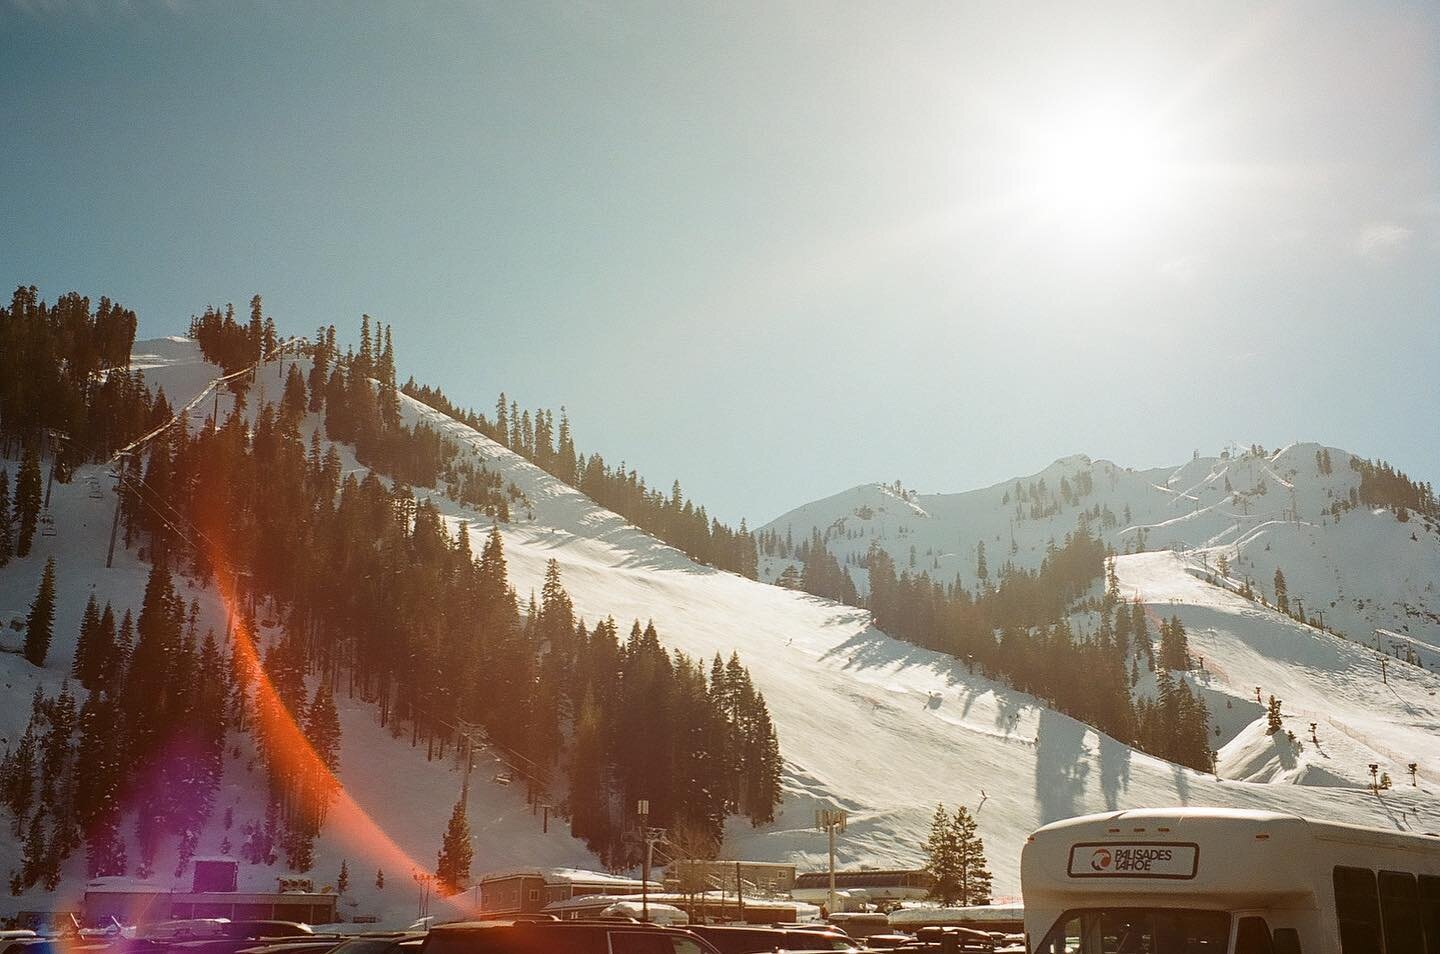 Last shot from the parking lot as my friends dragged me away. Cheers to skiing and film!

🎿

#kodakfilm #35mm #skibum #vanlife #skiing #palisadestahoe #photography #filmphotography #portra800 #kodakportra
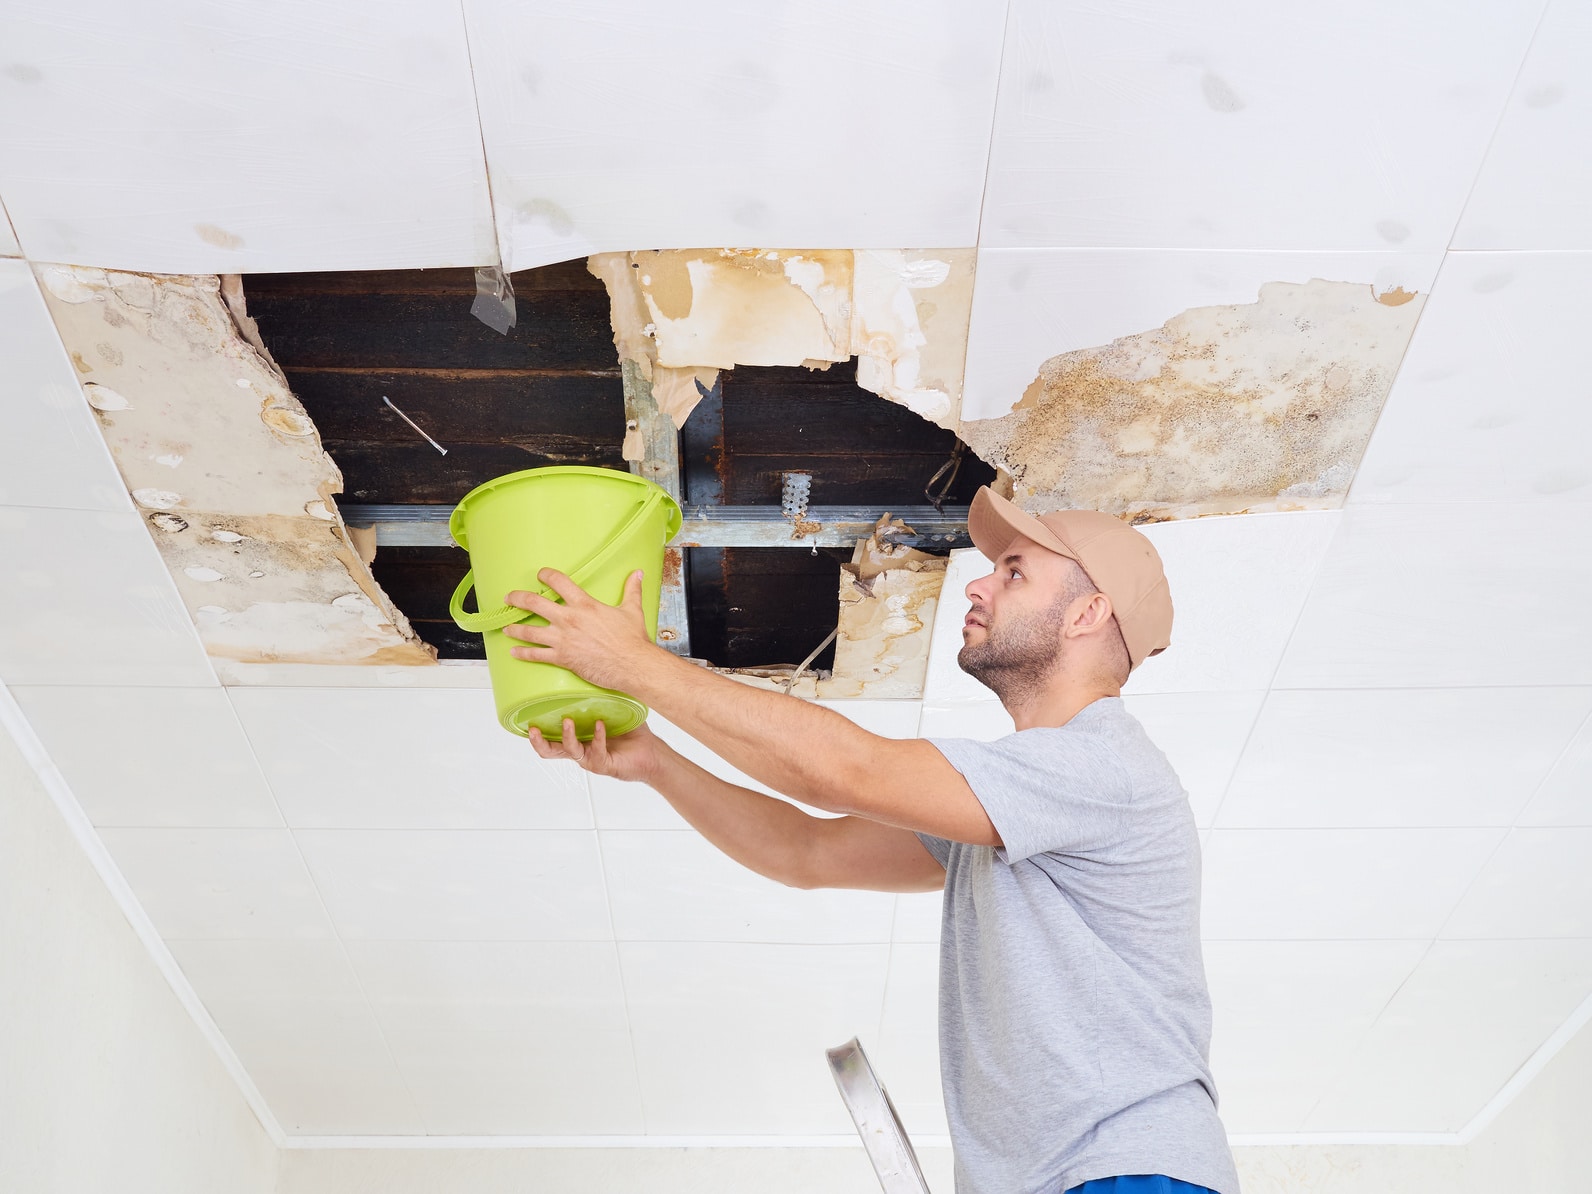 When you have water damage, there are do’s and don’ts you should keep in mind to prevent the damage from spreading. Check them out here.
· · · · ·
- Work to complete -
Copy the whole of the material above exactly, but not its images.

- Output for this exercise -
 Last shot from the parking lot as my friends dragged me away. Cheers to skiing and film!

🎿

#kodakfilm #35mm #skibum #vanlife #skiing #palisadestahoe #photography #filmphotography #portra800 #kodakportra
 When you have water damage, there are do’s and don’ts you should keep in mind to prevent the damage from spreading. Check them out here.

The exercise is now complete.